Sometimes I am accused of bad taste when I write a Committee Room Five piece for this blog.

After today, I think Committee Room Five is no more. Nothing in that fictional Newport Pagnellshire Majestum could ever come close to the stinking, festering tasteless suggestion from the latest Southern Health Board minutes.

Over the past few years, we have repeatedly heard Southern Health announce that they have learned lessons from the horrendous crimes they inflict on learning disabled people. Today, we can see that they have learned another lesson – how to make sackloads of money out of the disaster they have created.

Mencap have a representative on the Southern Health Board of Governors. Her name is Liz Hall. It should be good. The “Voice of learning disability” has an input and could offer an important insight in addressing the zillions of issues raised by the Mazers Report, Monitor, the CQC, Several Coroners, the Health Secretary, NHS England, etc etc.

Instead, the spokesperson for the “Voice of learning disability” chose to vomit all over the people she claims to represent.

I can’t write any more. I am too shocked and repulsed by this latest nauseating turn of events. I’m filing this post in an attempt to stop myself putting my fist through the wall.

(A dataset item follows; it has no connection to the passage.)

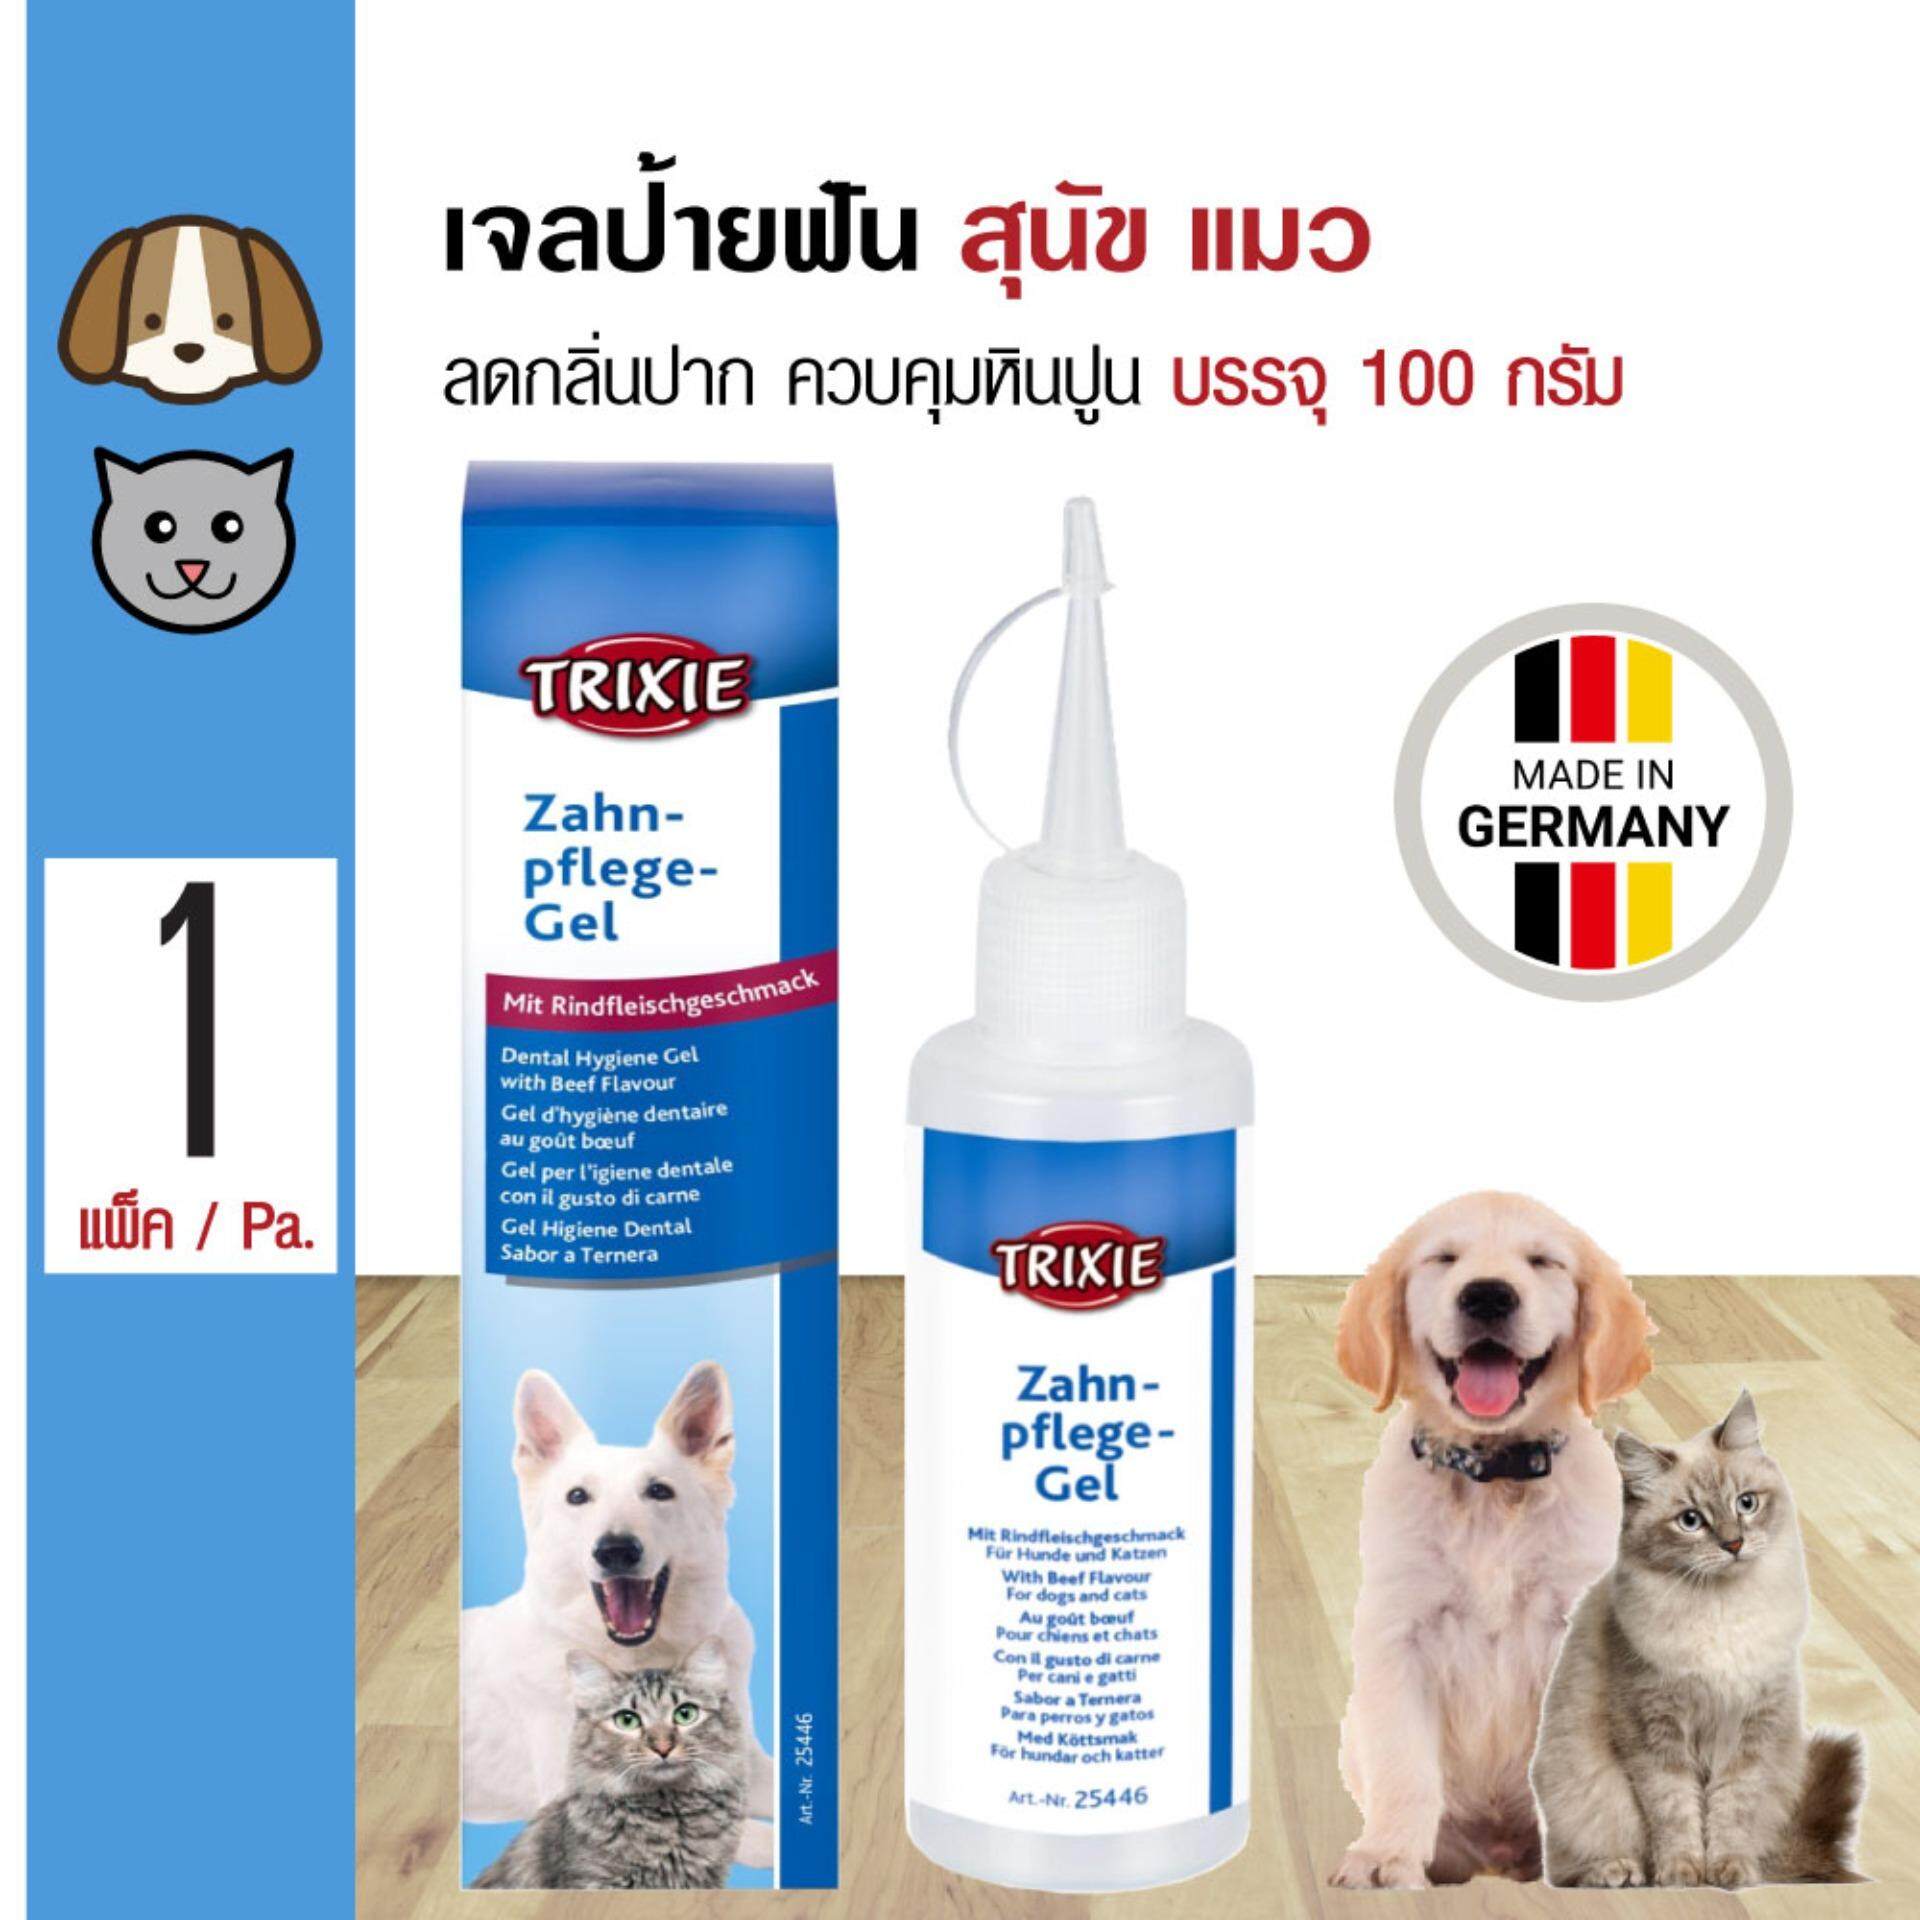 Trixie Dental Gel เจลป้ายฟัน ช่วยควบคุมหินปูน ลดกลิ่นปาก ลดแบคทีเรีย สำหรับสุนัขและแมว (100 กรัม/ขวด)

Here is Liz Hall’s minuted contribution to the latest Southern Health Board Meeting:

“This sad affair with Connor Sparrowhawk has triggered off, at last, the enormous training issues that are still prevalent in society, including general hospitals, education establishments, training of the public, schools, the police force, etc. Shall I go on? However, it’s an ill wind that blows nobody any good and indeed one feels that perhaps Connor’s parents can take some comfort from this tragedy that has at last shown up the enormous ‘gap’ in training that has been shown up. It’s not only in Hampshire and Oxfordshire – sadly it’s still there all over England and in many other countries in the world. So here is our opportunity to begin some very exciting training of the public, police forces, nurses, doctors, school teachers, social workers and above all hospital staff on how to communicate with those with learning disabilities and involve their families more effectively in their care and life styles which we as a health authority, along with the rest of England begin to understand how one communicates, protects, and includes more of us all in their lives. We have achieved it better with other groups or so called disabled people so let’s begin to engage in training – we could make some money out of it too.”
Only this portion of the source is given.